Прыгая на одной ноге в какой‑то игре по гладко натертому полу, я поскользнулся и со всего размаху шлепнулся прямо на нос. Было очень больно, но еще болезненнее я ощутил свой позор, а когда я увидел потоки льющейся из носу крови, то мне чуть не сделалось дурно. Впрочем, не обошлось тут и без известного наигрыша. Я смутно чувствовал, что чем ужаснее будут мои страдания и жалобы, тем позорность моего падения будет менее значительна, а потому я не только плакал, пока мне мыли и бинтовали нос, положив на него компресс, но я продолжал плакать и стенать на всем пути до дому, куда меня и отвезла одна из воспитательниц пансиона. Дома я уже вовсе не страдал, однако устроил целый спектакль, чем совершенно переполошил бедную мамочку. Я даже сам потребовал, чтобы меня уложили в постель, как настоящего раненого! К вечеру все прошло, а на следующее утро я вполне мог бы отправиться в пансион, но тут я решительно запротестовал, мне казалось невыносимым, чтобы я, опозоренный, снова предстал перед всеми этими дамами и перед моими товарищами‑малышами! По слабости сердечной, мамочка, несмотря на заплаченный триместр, сдалась, и я уже больше фрейлейн Герке не видал.
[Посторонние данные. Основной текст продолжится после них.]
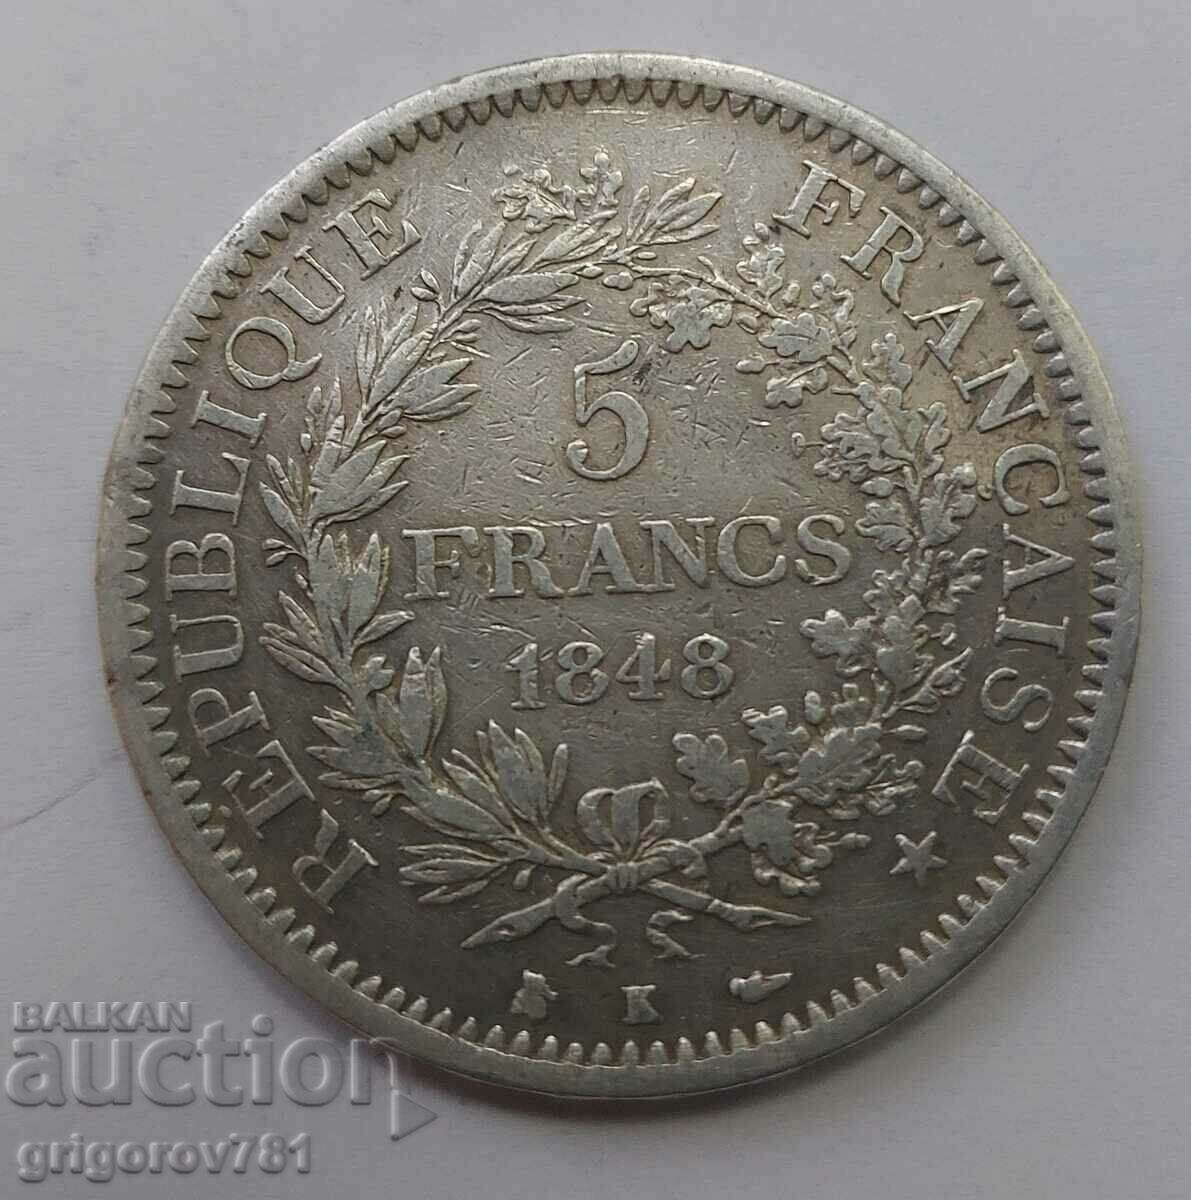 5 Franci Argint Franta 1848 K - Moneda de argint #92
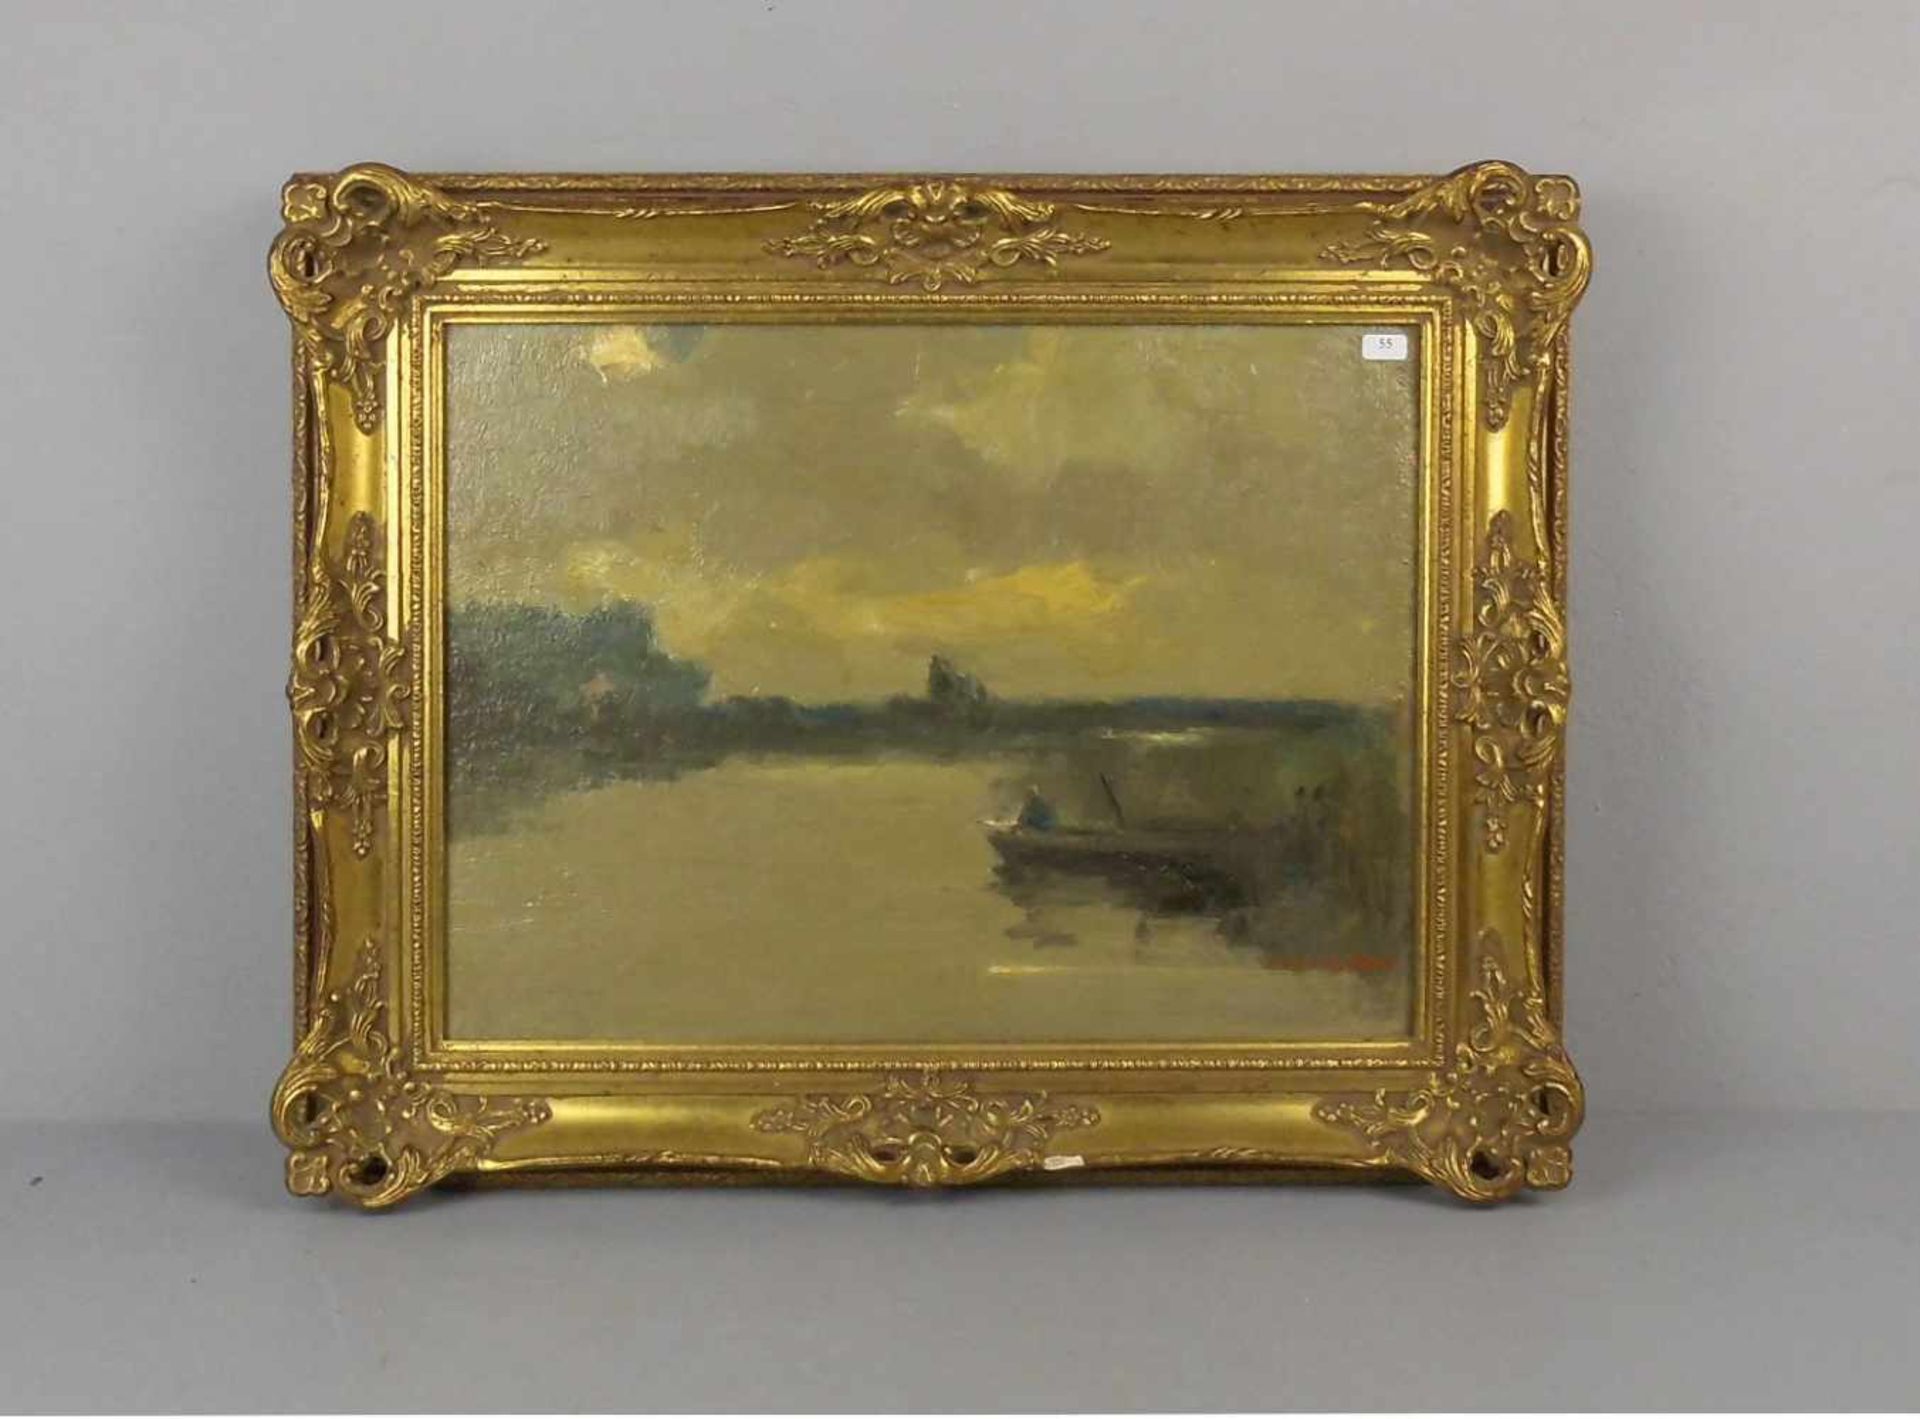 KEIZER, ANTHONY (Mepper / NL 1897-1961 ebd.), Gemälde / painting: "Flusslandschaft mit Kahn und

И как раз тогда мама узнала о существовании другого воспитательного заведения в очень близком расстоянии от нашего дома и к тому же горячо рекомендованного какими‑то знакомыми. Помещалось это заведение на Малой Мастерской, напротив той католической церкви св. Станислава, куда мы с папой ходили по воскресеньям. Киндергартен госпожи Вертер занимал весь второй (верхний) этаж углового особняка, при котором был обширный и тенистый сад. Вход был с Малой Мастерской, широкая, барского вида лестница вела к классам, к квартире директорши и к длинному рекреационному залу, все пять окон которого выходили на улицу. Просторные классы имели благодаря своим выбеленным стенам опрятный вид; в них было много воздуха и света – не то, что оклеенные бурыми и грязно‑желтыми обоями комнаты фрейлейн Герке с их темными занавесками у окон. Киндергартен обслуживался целым штатом воспитательниц и учительниц, а в систему воспитания входили и уроки рисования, гимнастики и танцев. Меня сразу подкупило то, что на стенах висели большие, отпечатанные в красках картины, из которых одна изображала жизнь города, другая – жизнь деревни (разумеется немецкой), третья – железную дорогу и т. д. Несколько картин поменьше изображали сцены из Библии. Еще интереснее были те коробки под стеклом, которые тоже висели по стенам и в которых к картону были прикреплены разные миниатюрные предметы – в одной все, что относится к производству хлеба, начиная с плуга, кончая приоткрытыми мешками, которые содержали разные зерна и крупы; в другой все, что требуется в столярном деле: тут среди разных орудий производства – пил, стамесок и т. д. – можно было любоваться крошечным, точно для лилипутов сделанным верстаком, а на верстаке лежал рубанок с дощечкой, с которой инструмент уже как бы соскреб малюсенькие стружки.

Над всем витал дух Фребеля. Вообще же о Фребеле и его системе было тогда среди мамаш и воспитателей столько разговоров, что и детям имя знаменитого реформатора‑педагога было знакомо. Слово «фребеличка» являлось вроде диплома полной и доброкачественной подготовленности для детского воспитания. Под фребеличкой подразумевались особы, самоотверженно отдавшиеся этому делу согласно новейшим данным науки. В моем же представлении это были очень милые, очень скромно, но опрятно одетые девицы, на редкость ласковые, но всегда некрасивые и немного… скучные. Контрастом к ним (в моем же представлении) являлись курсистки‑нигилистки, о которых тогда тоже было много разговору, – девицы необычайно решительные, нелепые, со стриженными, взлохмаченными волосами, далеко не опрятные, с вечной папироской во рту, с шляпой набекрень и непременно сопровождаемые студентами (тоже нигилистами).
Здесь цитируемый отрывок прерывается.